Генерал Романов в первую очередь отметил, что для раскинувшихся коттеджа и натурально дворовых построек («правда, из облицовочного кирпича, но таких скучных...») место отнюдь не министерское. Почему министр информационных технологий и связи Любовь Левыкина выбрала место на окраине подмосковного Немчинова? Речушка Сетунь уже давно не несла в себе прохлады. Она не вилась вдоль сплошной стены ельника, а натурально по-осеннему пошла пунктиром.

Загородный дом Левыкиной был крайним в ряду похожих строений. Если не считать новостройки, которая, судя по строительному материалу, свезенному в кучи, станет главным бельмом охраняемого поселка: цоколь из красного кирпича, коробка из силикатного; между ними торчит возбужденными ресницами рубероидная изоляция.

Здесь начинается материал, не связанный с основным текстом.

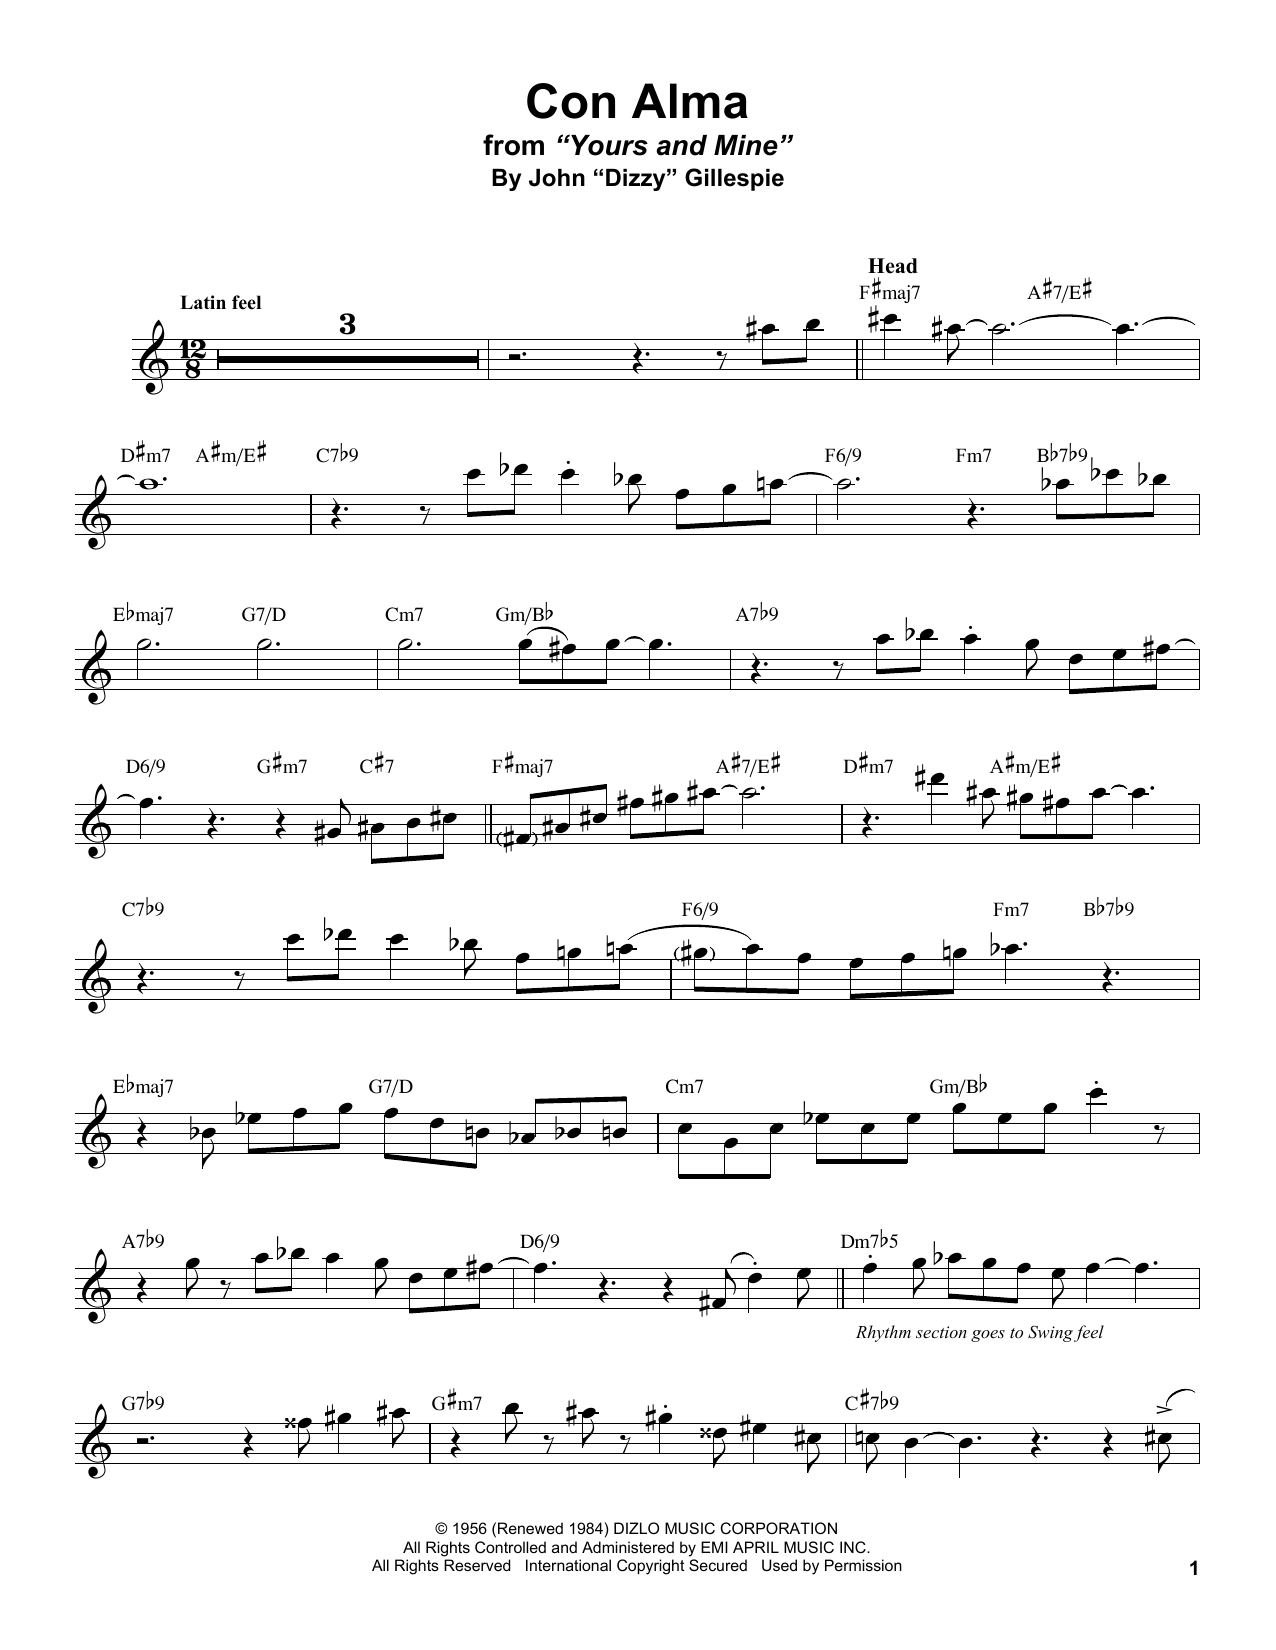 Stan Getz Con Alma Sheet Music Notes & Chords for Alto Sax Transcription - Download or Print PDF

Этот землистый монстр с деревянным ирокезом навевал мысли о первом коттеджном буме, разразившемся в середине 80-х годов. Кто, интересно, этот «отсталый»? — задался мимолетным вопросом Романов.

Любовь Левыкина ждала генерала. Она вышла встретить своего бывшего одноклассника на просторное крыльцо. Ей было слегка за сорок. Небольшого роста, худощава, одета в свободные брюки и легкую малиновую кофту. У нее были светлые волосы, левая щека и подбородок розовели пигментными пятнами, отчего ее лицо на расстоянии выглядело размытым.

«Ауди А4» с вальяжной радиаторной решеткой, свидетельствующей об амбициях хозяина пересесть на «А8», остановилась в конце асфальтированной площадки, генерал вышел из машины. Он был в черном деловом костюме; галстук и рабочий кейс он оставил на заднем сиденье. Он надеялся, что документы, которые легли на его рабочий стол в 15.30, в беседе с министром ему не пригодятся.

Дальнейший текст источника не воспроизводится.